Mesh Restoration Planning with St*Mesh
Mesh restoration is a technique for restoring failed services by using shared spare resources in a system-wide efficient manner. In circuit assignment for optical networks, for example, recovery from failures is one of the requirements in finding the best circuit path for each demand while sharing the resources required for recovery. Smart solutions usually cost much less than simple ones. St*Mesh is a constraint-programming optimization tool that solves a general class of restoration planning problems.
A case study is shown here to compare the bandwidth requirements for a number of currently-deployed mesh restoration techniques with the ones generated by St*Mesh. Unless the mesh network is designed with the right algorithms and capacity checks, network restoration can fail when there isn't enough bandwidth on the selected backup path.
The amount of spare bandwidth required for backup can vary significantly. For example, for an all-to-all uniform traffic distribution in a 13 node, 23 link network, the ratio of spare (restoration) bandwidth to the (shortest path) working bandwidth is given for various restoration types in the following chart.
For this (Net 3) sample network, there are three different types of path restoration: Optimal Path (backup paths are chosen to minimize total spare capacity), MPLS Path (shortest backup path disjoint from working path), and Ded Path (no sharing of bandwidth on backup paths). In these three cases, the new path is chosen at the endpoints of the demand (or LSP in MPLS networks) and is completely disjoint from the working path. There are also three types of link restoration (Optimal Link, MPLS FRR, and Ded Link) that are defined similarly, except that the endpoints of the failed link are used as switching points.
The algorithm in St*Mesh is designed for the more general case where the logical topology of links between switches is different than the underlying physical topology. See the discussion section below for more information on the general case.
The chart below shows that St*Mesh produces very efficient mesh restoration designs even when the logical and physical topologies are the same. Using the same network as shown above, here's a comparison of St*Mesh with a simulated annealing (SA) and a fast heuristic algorithm (SSR), compared to the Optimal Path method shown above:
In this one example, the St*Mesh algorithm performs quite well. Actually, all of them are much better than the MPLS design shown above. St*Mesh also supports capacity modularities (links with capacity larger than individual demand bandwidth) and express links (which connect two non-adjacent nodes along an existing physical path). Designs with modular capacity tend to achieve efficiency between the (non-modular) St*Mesh and (non-modular) SSR.

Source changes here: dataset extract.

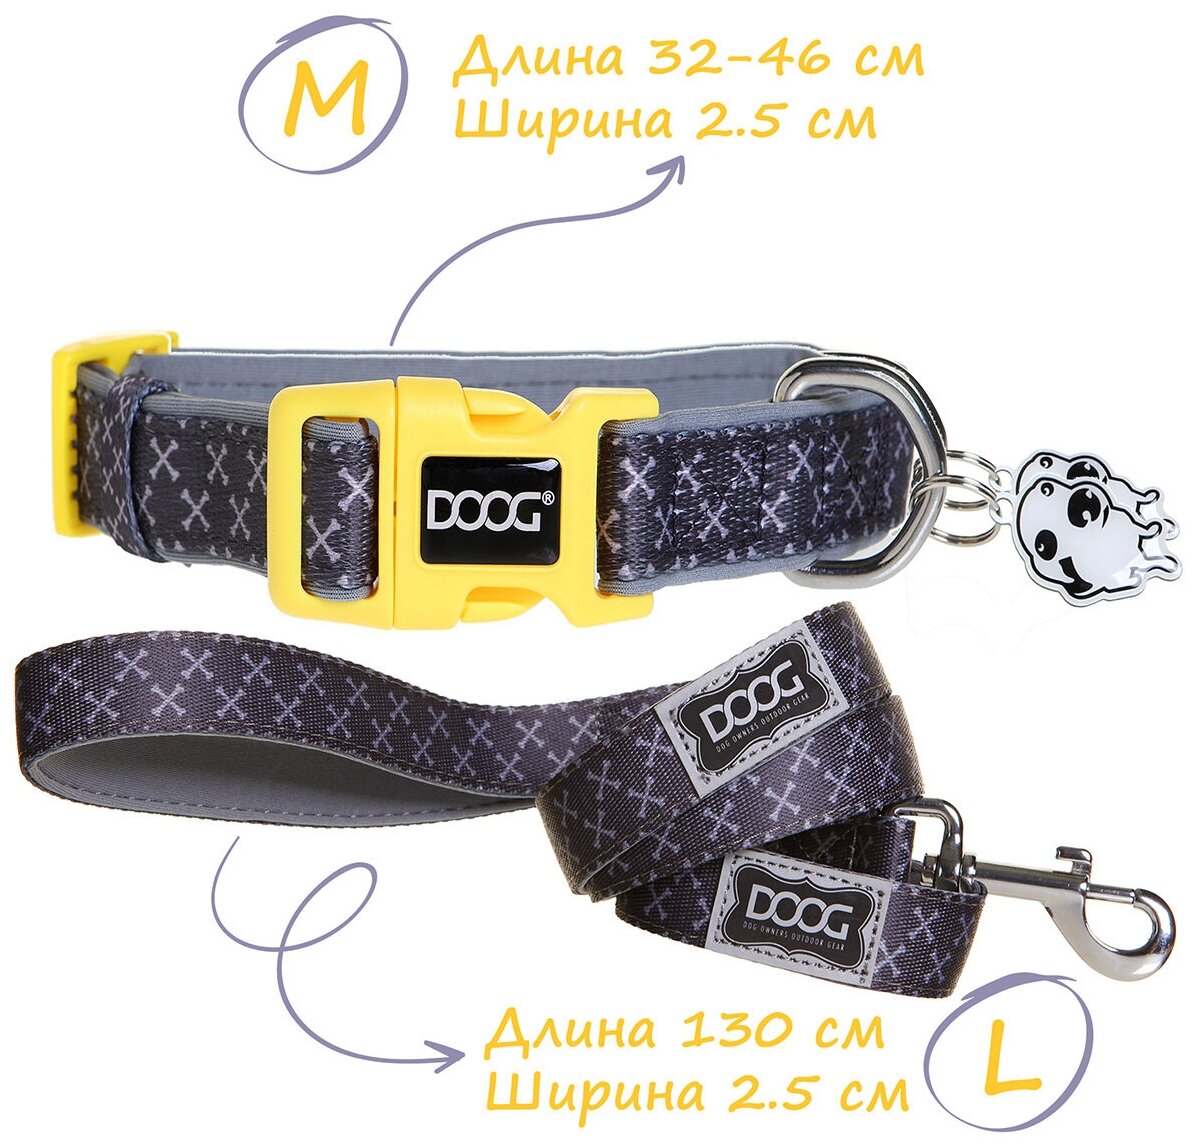 Ошейник и поводок для собак DOOG "Odie", серо - желтый, M, 32-46см/130х2.5см, комплект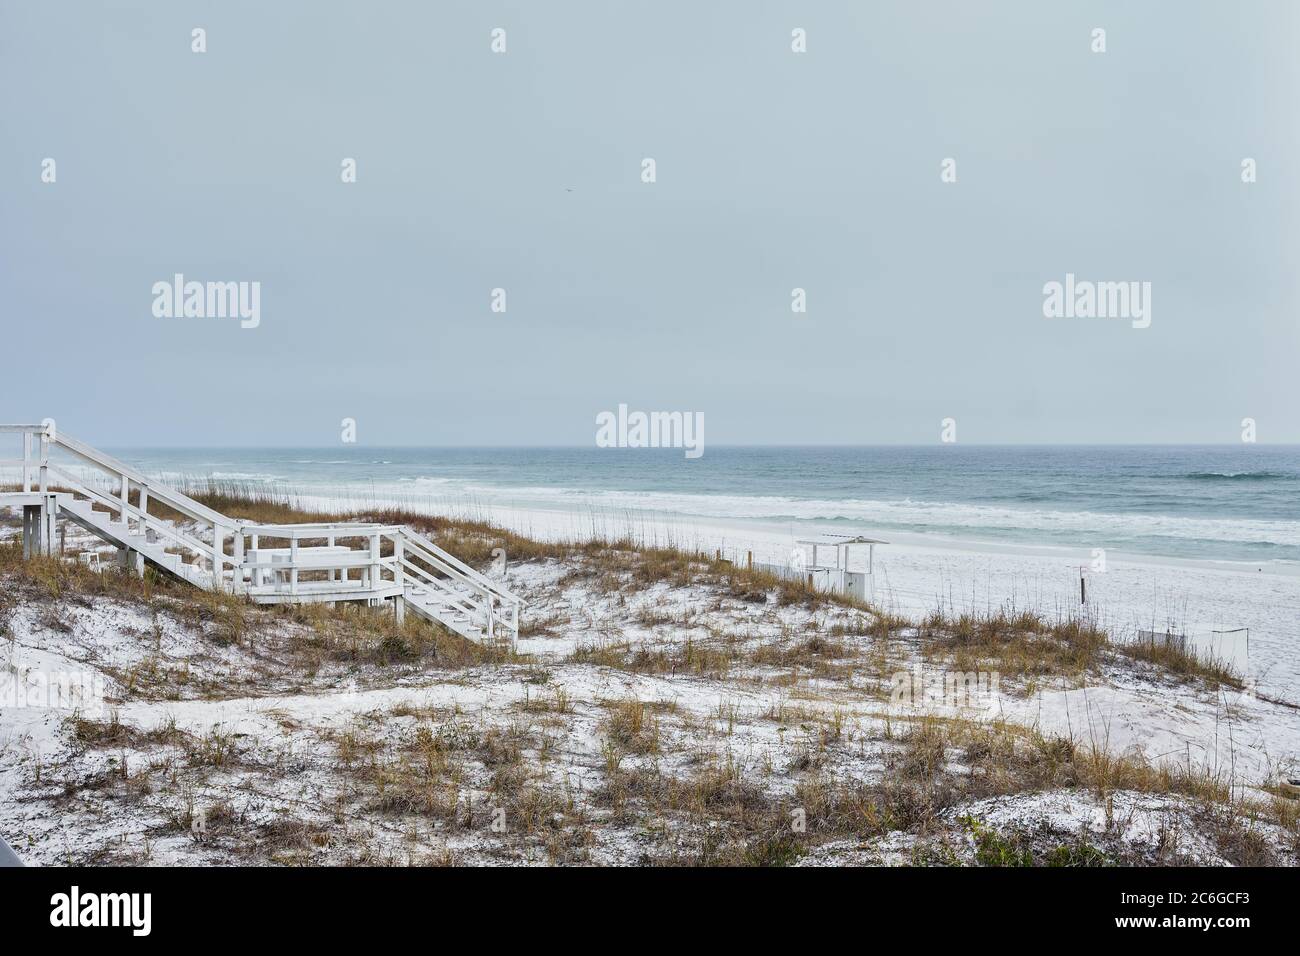 Bianco su bianco. La scalinata in legno sulle dune costiere di Destin, Florida, conduce alla luminosa spiaggia di sabbia bianca e alle acque verdi pallidi del Golfo del Messico. Foto Stock

Indeed, it was the vital role of express links in reducing the cost of networks that motivated the design of St*Mesh. In many restoration algorithms, demands are assigned restoration paths sequentially, but the order of assignment is not given a priori. For each demand, when it is time to assign its restoration path, the least cost feasible path is chosen. This choice may take into account previously-assigned spare capacity. If it is a greedy algorithm, which are the simplest to implement, capacity deployed to support previous assignments is considered free for the current demand, and no consideration of future demand assignments is made.
Some assignment orders may lead to efficient designs, whereas other orders may not. I call this the demand-order bias. A common technique is to try many different orders and pick the best design. But if you think about the number of ways of ordering demands, any arbitrary ordering is likely to be sub-optimal.
Express links make it even harder for greedy algorithms to perform well. Since an express link covered the same path as a sequence of conventional links, it is usually cheaper than the sequence of links in traversing the path. Greedy algorithms will gravitate to these express links. But the efficiency of any mesh restoration algorithm depends on the sharing of spare capacity across independent failures, and greedy algorithms do not take bandwidth sharing into account. St*Mesh does.
What's particularly exciting about St*Mesh is that its constraint-based decision methodology can be applied to more general systems, particularly when an existing system of services and resources needs to be transitioned to a more efficient design.